** Provided information **

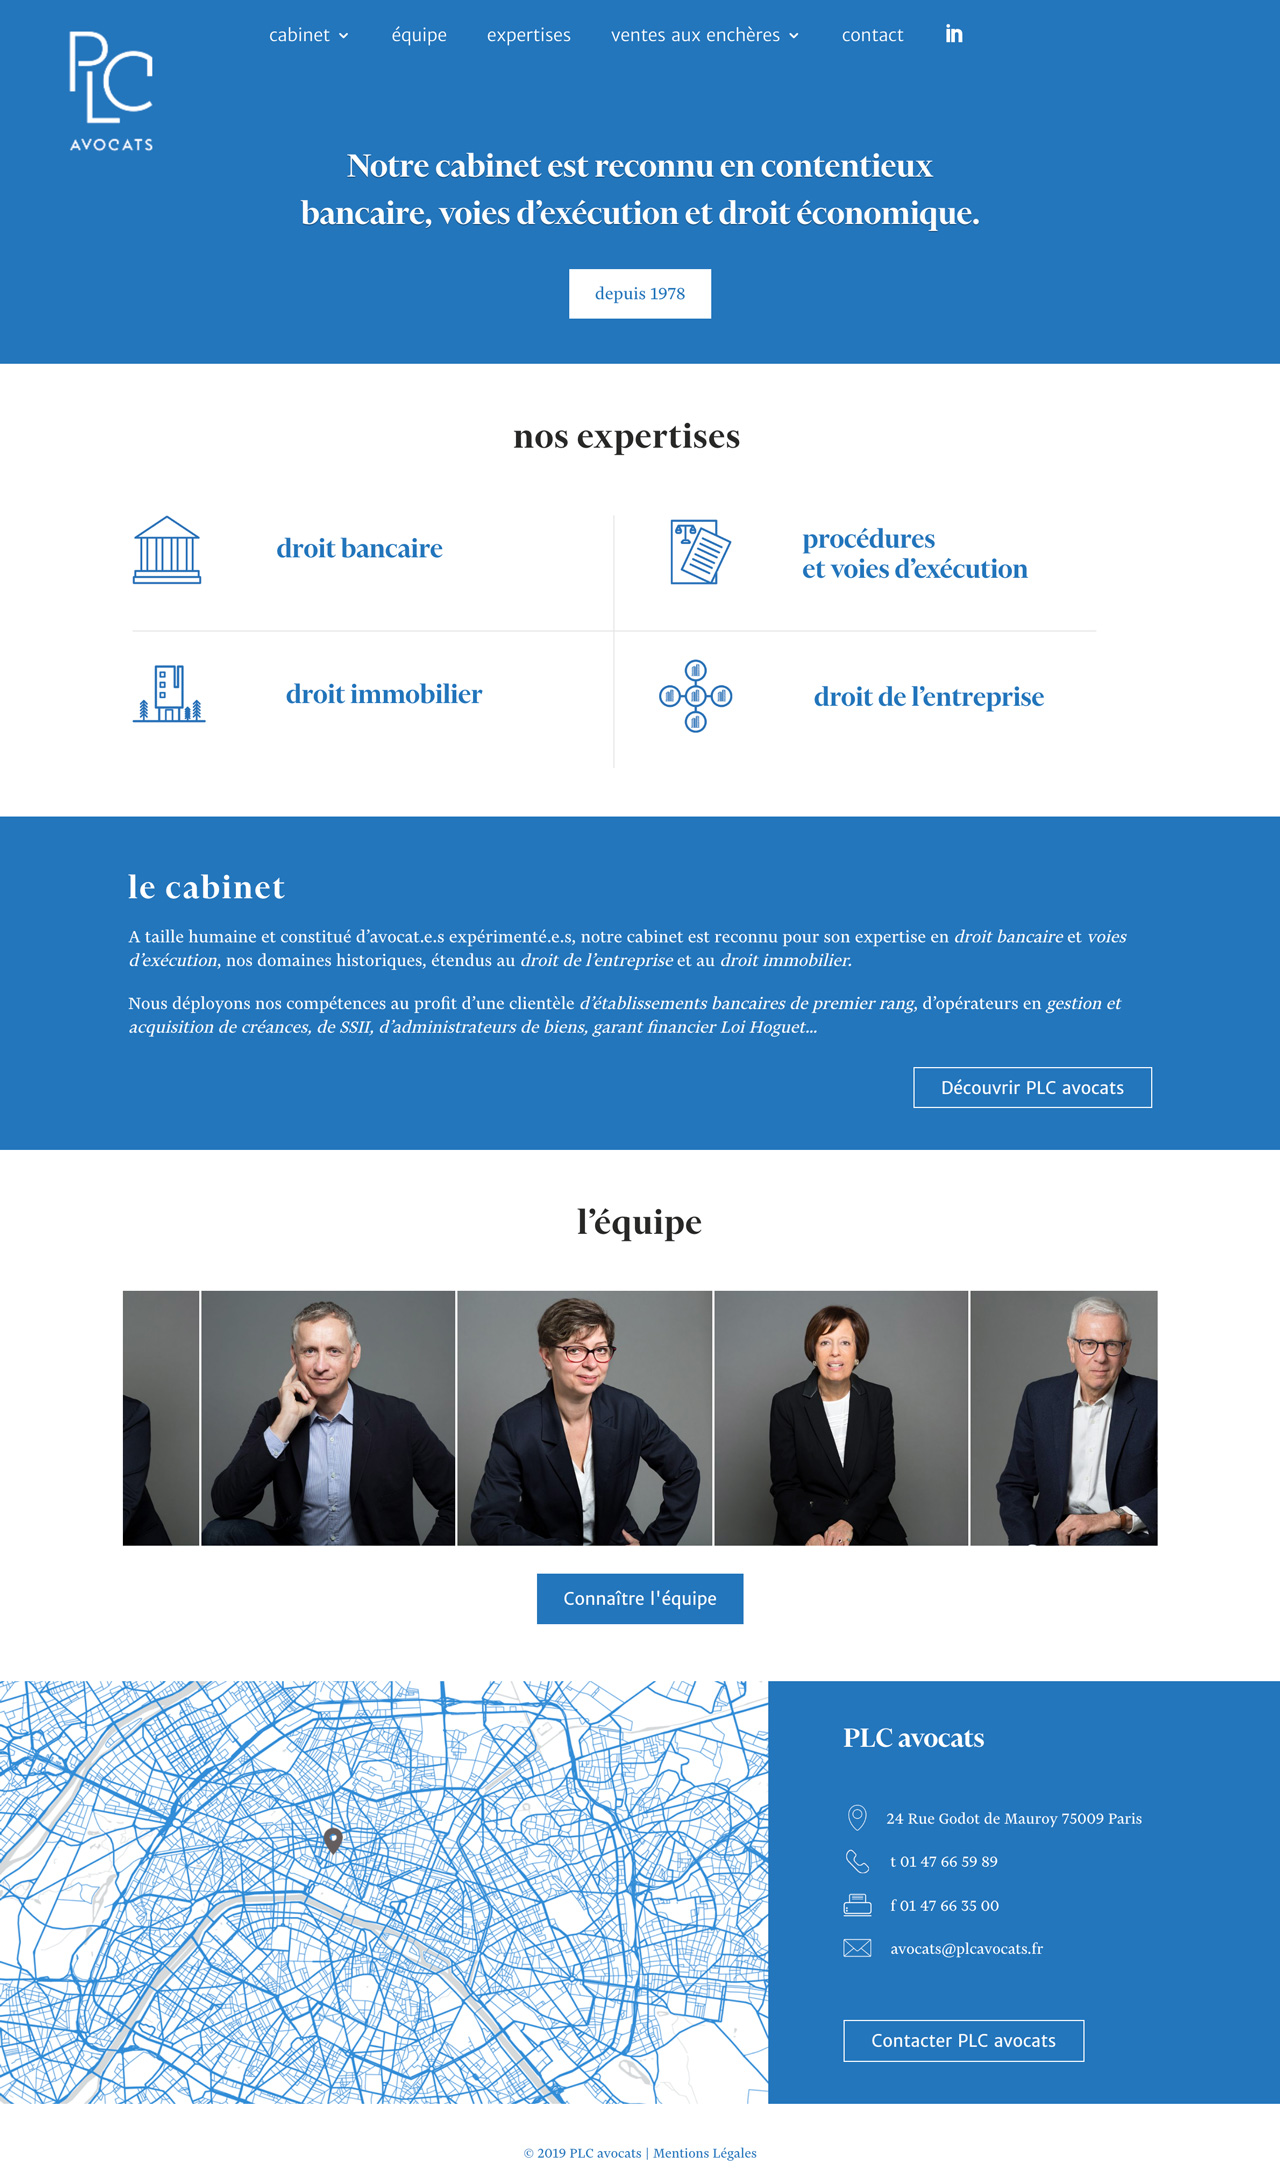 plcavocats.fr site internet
...
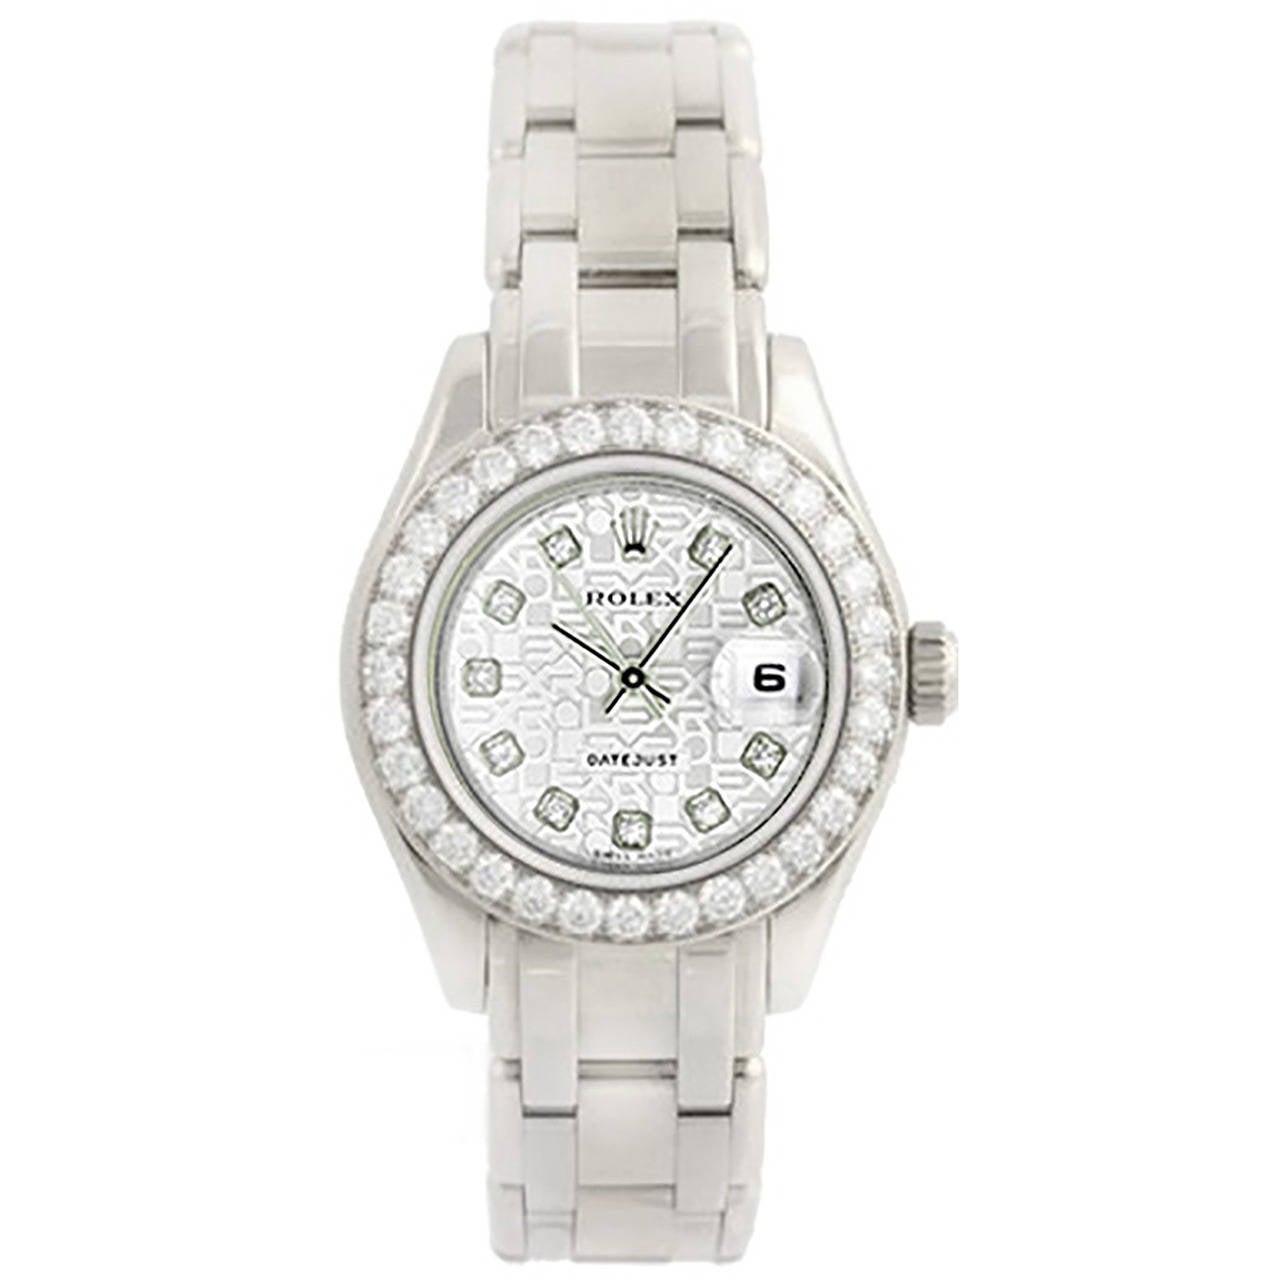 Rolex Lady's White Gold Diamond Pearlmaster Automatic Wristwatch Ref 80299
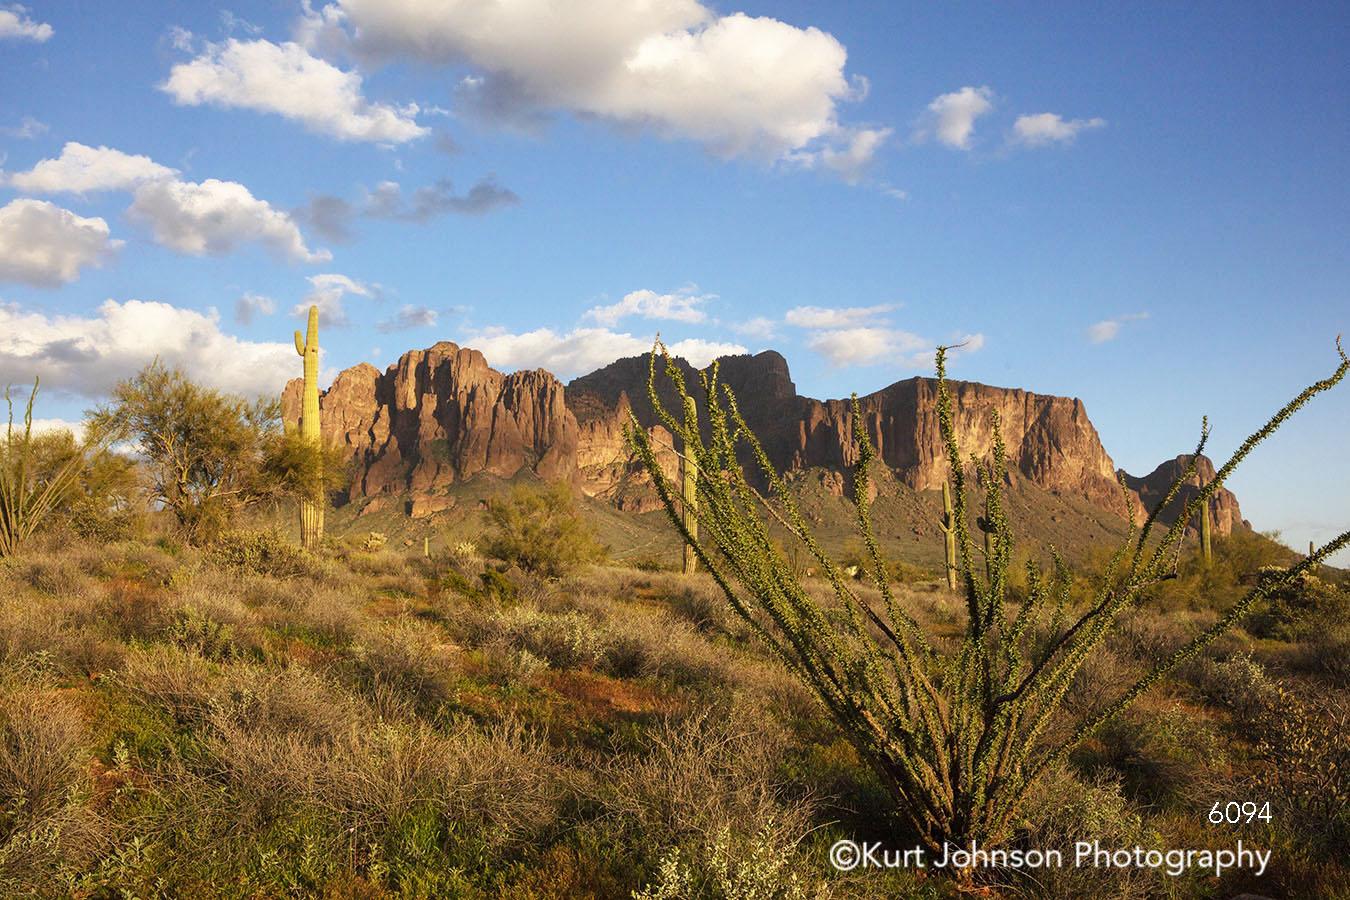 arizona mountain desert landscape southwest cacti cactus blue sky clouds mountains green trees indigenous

** Work to be completed **
Starting at the line above with "Rolex Lady's White", output every line exactly up to and including the line with "arizona mountain desert", but none of the pictures.

** Task solution **
 Rolex Lady's White Gold Diamond Pearlmaster Automatic Wristwatch Ref 80299
 arizona mountain desert landscape southwest cacti cactus blue sky clouds mountains green trees indigenous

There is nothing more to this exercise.